The invention relates to a question-answering method based on knowledge distillation, a terminal device and a storage medium, wherein the method comprises the following steps: s1: collecting question and answer data of a demand field to form a training set; s2: extracting the characteristics of each training data in the training set; s3: constructing and training a fine model with higher network complexity through a training set to generate a teacher network model; s4: constructing a fine ranking model with lower network complexity, training through a training set based on knowledge distillation and a teacher network model, and generating a fine ranking student network model; s5: constructing a rough ranking model with lower network complexity, and training through a training set based on knowledge distillation and a teacher network model to generate a rough ranking student network model; s6: after the characteristics of the question to be answered are extracted, corresponding answers are searched from a question-answer library through a rough arrangement student network model and a fine arrangement student network model in sequence. The invention can improve the efficiency of the question answering system.

Description

Knowledge distillation-based question and answer method, terminal equipment and storage medium
Technical Field
The invention relates to the field of automatic question answering, in particular to a question answering method based on knowledge distillation, terminal equipment and a storage medium.
Background
With the rapid development of information technology, the increasing amount of network information makes it difficult for users to quickly find desired content from the large amount of information returned by search engines. People's demand for fast and accurate information acquisition is also increasing, and automatic question answering systems are also in force. The automatic question-answering system provides a natural language question-answering communication mode for people, provides required answers for users directly instead of related webpages, and has the characteristics of convenience, quickness, high efficiency and the like. Is deeply loved by users.
Two necessary links for constructing an FAQ question-answering system based on the vertical field are key information analysis and similarity calculation, namely element identification, of the questions, wherein the key information analysis comprises the following steps: extracting keywords and carrying out deep semantic analysis.

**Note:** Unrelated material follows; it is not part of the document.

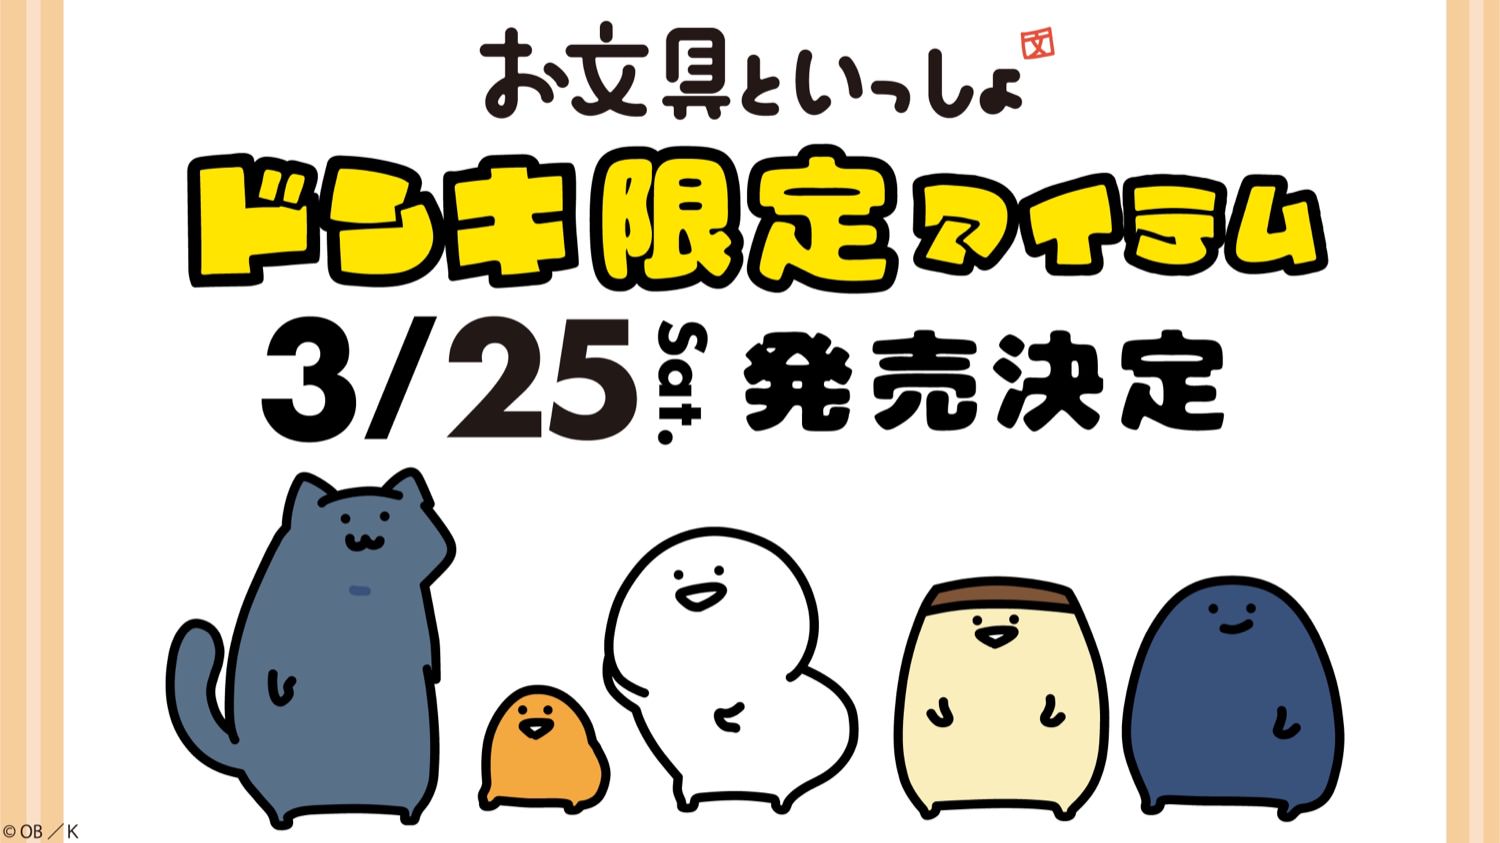 お文具といっしょ × ドンキホーテ全国 3月25日よりコラボグッズ発売!
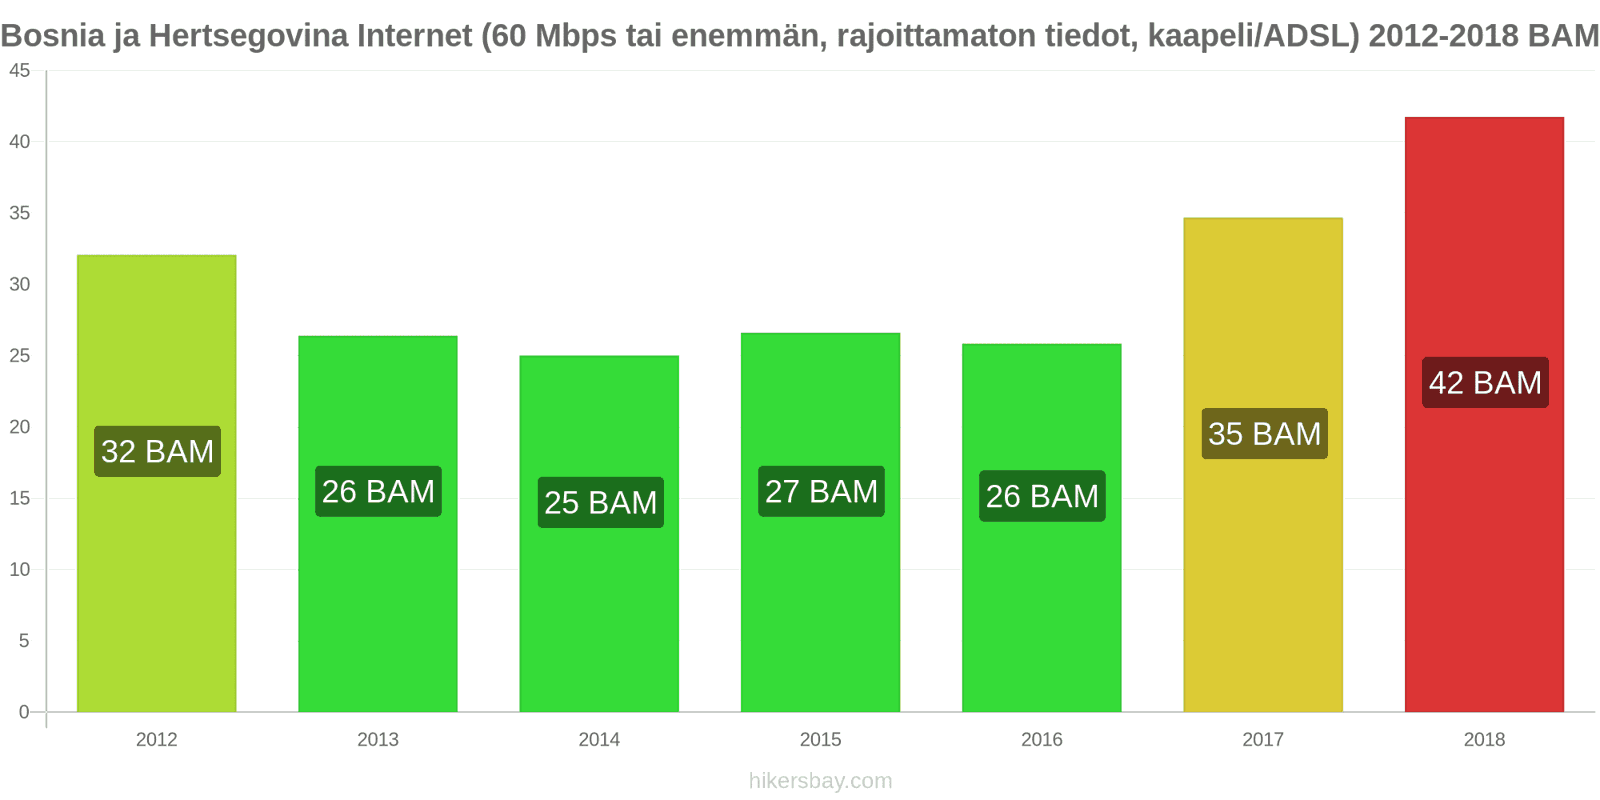 Bosnia ja Hertsegovina hintojen muutokset Internet (60 Mbps tai enemmän, rajattomat tiedot, kaapeli/ADSL) hikersbay.com

The large-scale FAQ question-answering system in the vertical field usually has a large enough question answer library, namely a corpus, and has low use complexity, simple structure, low accuracy of small models and poor automatic answering effect; the effect requirement can be met by using a large model with high complexity, but the large-scale parameters are large in quantity, long reasoning and calculation time is needed, the prediction speed is slow, the efficiency of a question-answering system is influenced, and the production and deployment requirements are not met.
Disclosure of Invention
In order to solve the above problems, the present invention provides a question answering method based on knowledge distillation, a terminal device and a storage medium.
The specific scheme is as follows:
a question-answering method based on knowledge distillation, comprising the following steps:
s1: collecting question and answer data of a demand field to form a training set;
s2: extracting features of each training data in the training set, wherein the extracted features comprise keyword features and semantic information features;
s3: constructing and training a fine model with higher network complexity through a training set, and taking the trained model as a teacher network model;
the fine ranking model is used for extracting the similarity between semantic information features of the two question sentences;
s4: constructing a fine ranking model with lower network complexity, training the fine ranking model with lower complexity through a training set based on knowledge distillation and a teacher network model, and taking the trained model as a fine ranking student network model;
s5: constructing a rough model with lower network complexity, training the rough model with lower complexity through a training set based on knowledge distillation and a teacher network model, and taking the trained model as a rough student network model;
the rough model is used for extracting the similarity between the keyword characteristics of the two question sentences;
s6: after the characteristics of the question to be answered are extracted, corresponding answers are searched from a question-answer library through a rough arrangement student network model and a fine arrangement student network model in sequence.
Further, the training data in the training set is composed of standard questions and similar questions similar to the standard questions.
Further, step S1 includes preprocessing the collected question and answer data, where the preprocessing includes: extracting standard questions, obtaining answers, cleaning abnormal data and cleaning punctuation marks.
Further, the extraction of semantic information features adopts Bert based on a transform bidirectional encoder representation model.
Further, loss function L in the process of training student network model based on knowledge distillation and teacher network modelStudentComprises the following steps:
LStudent=H(y,f(x))+λ*||zt-zs||2
wherein H represents a cross entropy loss function, y represents a real answer, f (x) represents a prediction output of a student network model, λ represents a distillation loss influence degree adjusting parameter, and z represents a distillation loss influence degree adjusting parametertLogs, z representing teacher network model outputsLogs representing the student network model output.
A knowledge-distillation-based question answering terminal device comprises a processor, a memory and a computer program stored in the memory and capable of running on the processor, wherein the processor executes the computer program to realize the steps of the method of the embodiment of the invention.
A computer-readable storage medium, in which a computer program is stored, which, when being executed by a processor, carries out the steps of the method as described above for an embodiment of the invention.
According to the technical scheme, knowledge distillation is used, the students with low complexity learn the sequencing ability and the semantic understanding ability of the teacher network through the network, the teacher network guides the student network to train, the problem complexity of the student network is reduced, and the student network model which is good, small and fast is obtained finally. The method has important application value for promoting the deployment of a large-scale FAQ question-answering system on edge equipment and improving the efficiency of the question-answering system caused by the improvement of the attribute identification and inference speed.
Drawings
Fig. 1 is a flowchart illustrating a first embodiment of the present invention.
Detailed Description
To further illustrate the various embodiments, the invention provides the accompanying drawings. The accompanying drawings, which are incorporated in and constitute a part of this disclosure, illustrate embodiments of the invention and, together with the description, serve to explain the principles of the embodiments. Those skilled in the art will appreciate still other possible embodiments and advantages of the present invention with reference to these figures.
The invention will now be further described with reference to the accompanying drawings and detailed description.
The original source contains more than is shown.